When asked last week about Western concerns that Russia is considering the transfer of sensitive technologies to Pyongyang, a Kremlin spokesperson said the countries’ “potential for developing bilateral relations” was “profound” and “should not cause concern to anyone and should not and cannot be challenged by anyone.”

‘A tragic world’

However, any support from Putin – a leader of a UN Security Council permanent member state – is a significant boon for Kim, who is deeply isolated on the world stage.

For Putin, too, the visit is an opportunity to send a signal, or a threat, that Russia is not alone.

“Putin is highlighting that Russia has friends – and is propagating the idea that the war is not winnable for Ukraine because Russia will not run out of weapons,” said John Erath, senior policy director for the Center for Arms Control and Non-Proliferation non-profit in Washington.

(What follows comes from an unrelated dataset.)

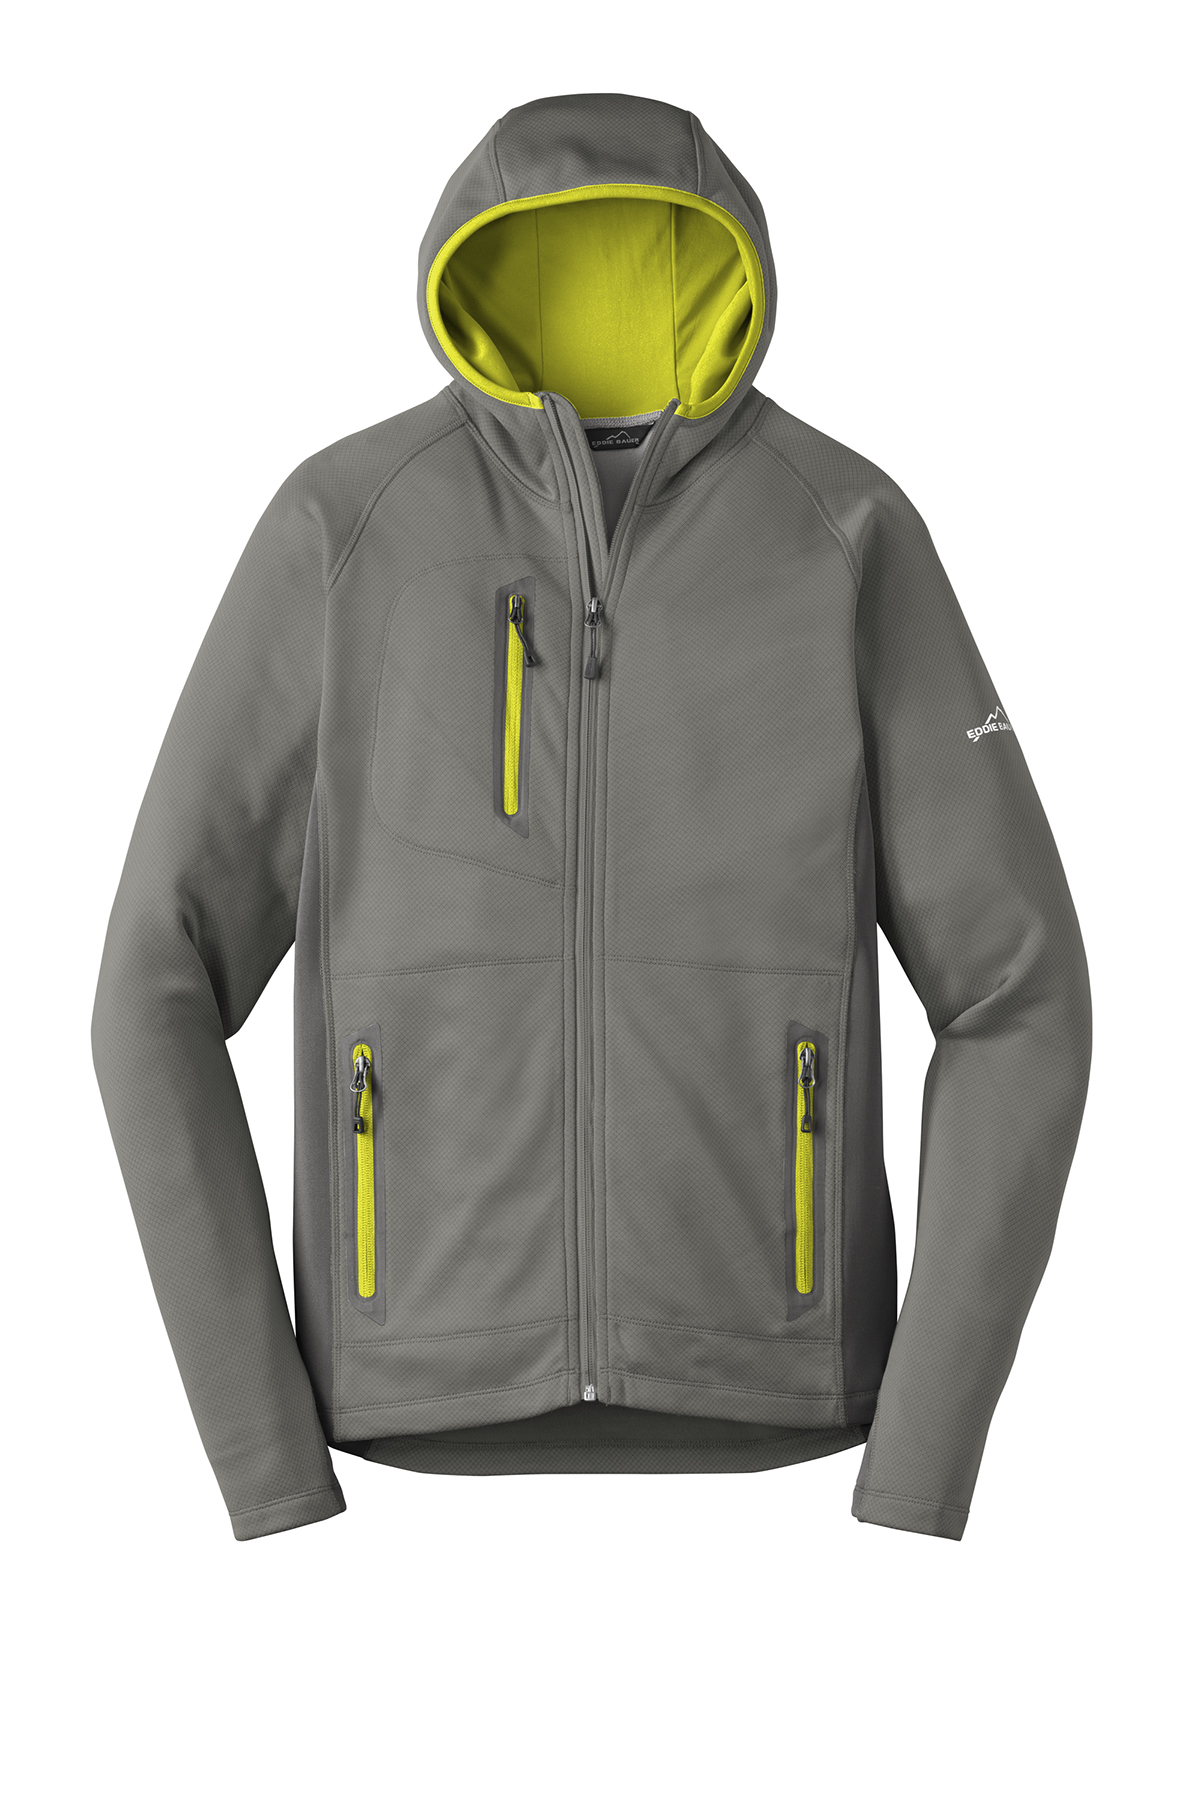 Eddie Bauer Sport Hooded Full-Zip Fleece Jacket | Product | SanMar
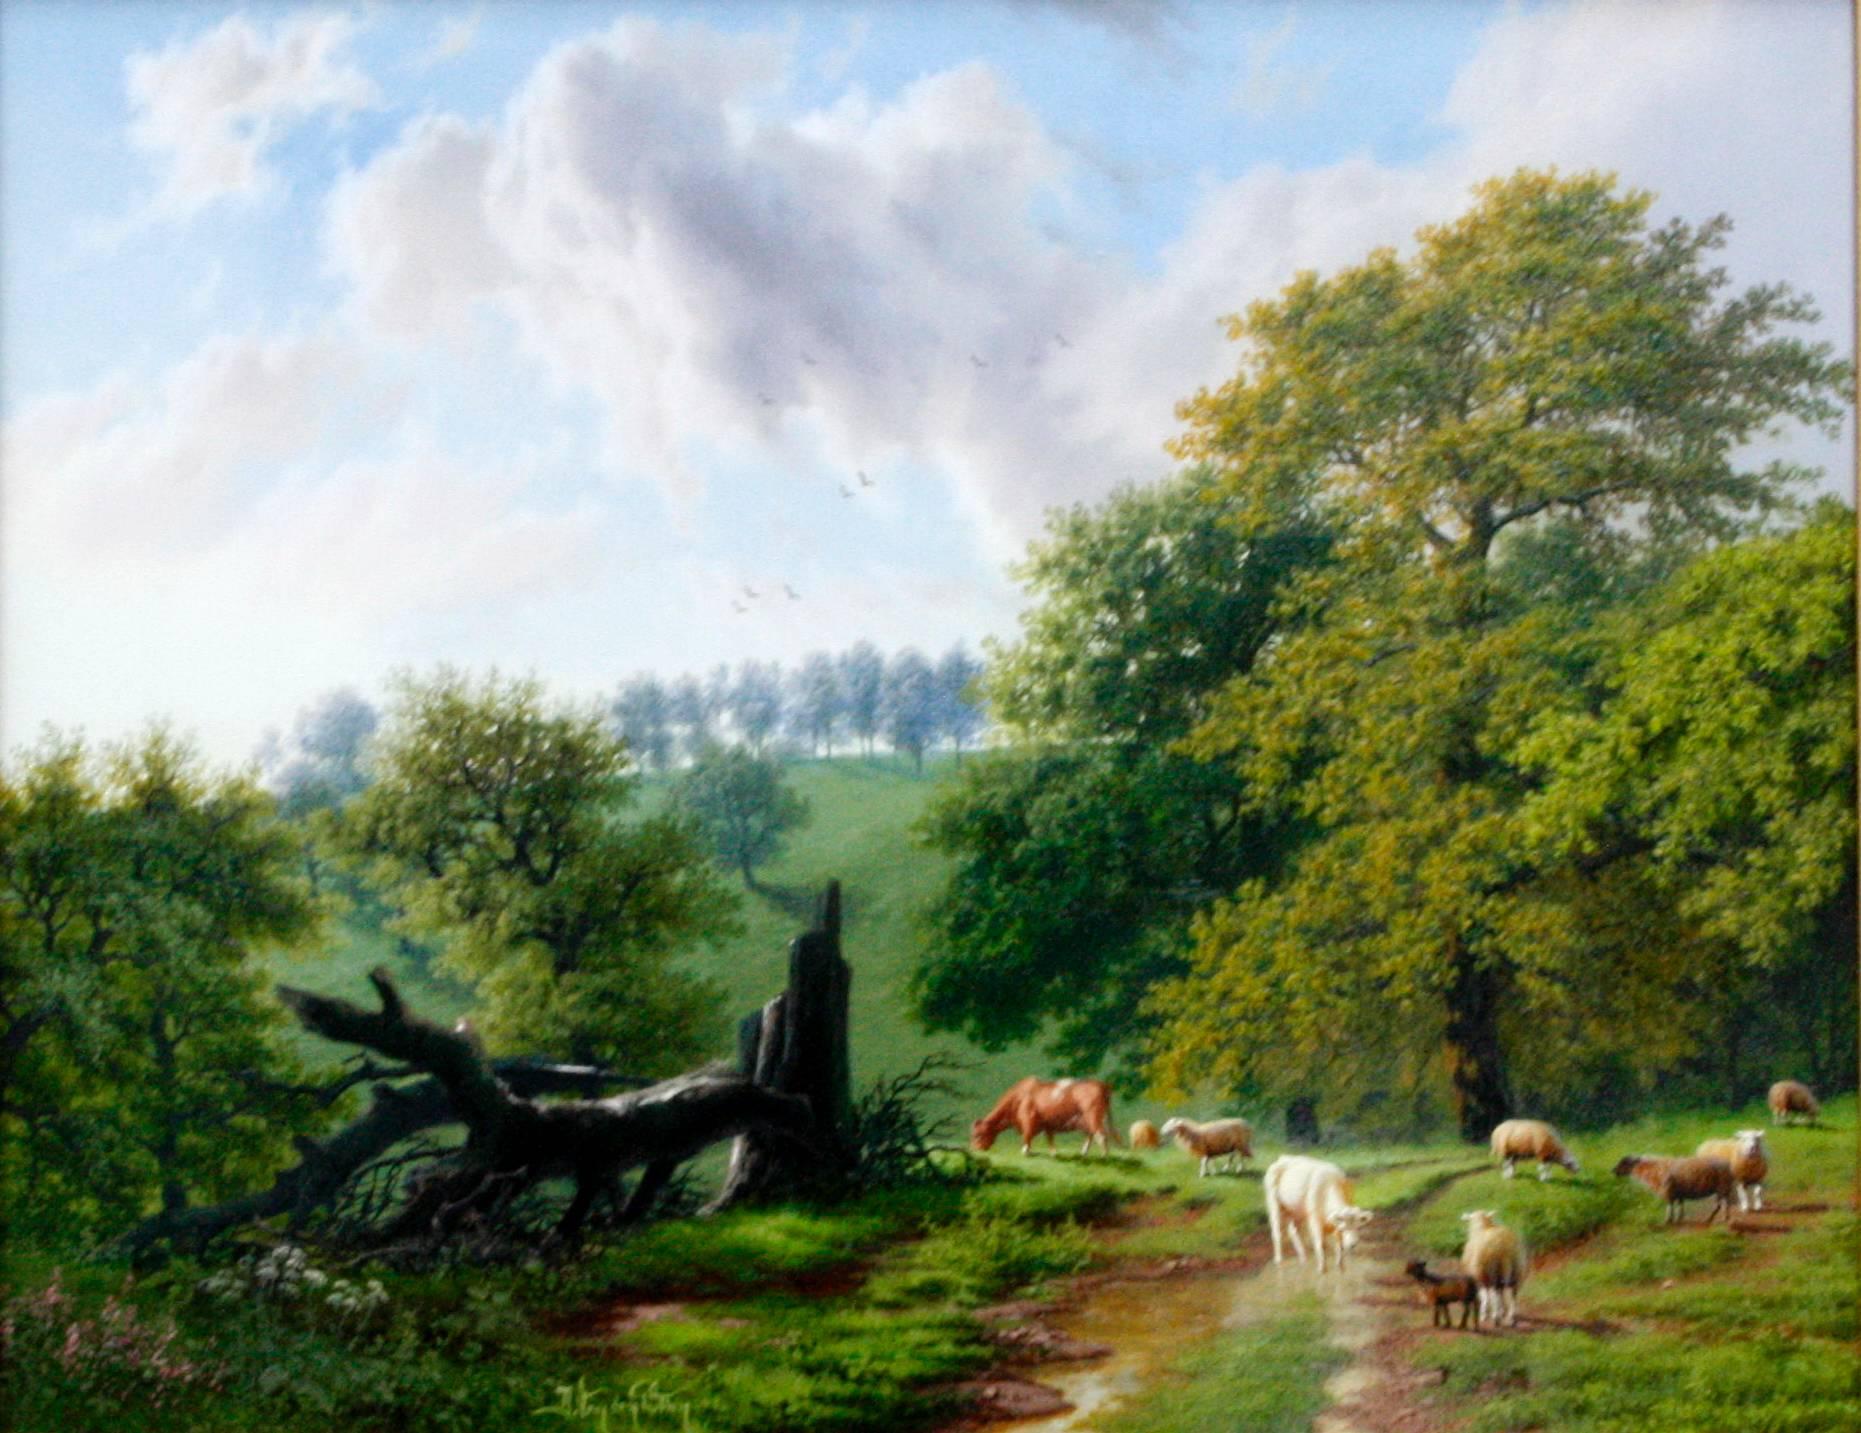 Fawsley, Northants - Painting by Daniel Van Der Putten

The Russian leader may also see the relationship with Kim as a way to raise the specter of nuclear war, exploiting “US and South Korean concerns about North Korea,” so that “Ukraine’s friends will compel it to seek a negotiated ‘solution’ on Russia’s terms,” Erath added.

Putin laid out his peace conditions on Friday ahead of a Ukraine-backed international peace summit over the weekend that Russia did not attend. They included the withdrawal of Ukrainian troops from four partially occupied regions – a position seen as nonstarter by Kyiv and its allies.

And in his letter published in North Korea state media ahead of the visit, Putin framed the two countries as both facing down what he called US efforts to impose a “neocolonialist dictatorship” over the world.

Observers agree that Putin is unlikely at this point to directly help North Korea’s nuclear program, as neither Putin nor his close partner Xi want to see nuclear confrontation in the region.

But it’s also become clear that growing North Korea-Russia ties, as well as the widening chasm between Russia, China and the West, is impacting international efforts to control North Korea’s weapons program.

Russia in March vetoed a UN resolution to renew an independent panel of experts investigating the country’s violations of Security Council sanctions. China abstained from the vote.

Both countries in recent years have blocked movement in the council related to North Korea as they grew skeptical of US-backed sanctions.

Deepening divisions today contrast collaboration in recent decades between Russia, China and the US, according to former US Ambassador to Russia and National Security Council official Michael McFaul.

He pointed to his experiences during the former US President Barack Obama administration working on nonproliferation efforts related to North Korea and Iran.

“(Then) we were cooperating with the Russians on both of these fronts … we were meeting, we had the same objectives … and the Chinese were with us on lockstep on both of those accounts,” McFaul said in a podcast last month hosted by the Center for Strategic and International Studies think tank.

“Now look at where we’re at today, completely the opposite … we’re not cooperating at all on either of those accounts … that is a brand-new world and a tragic world.”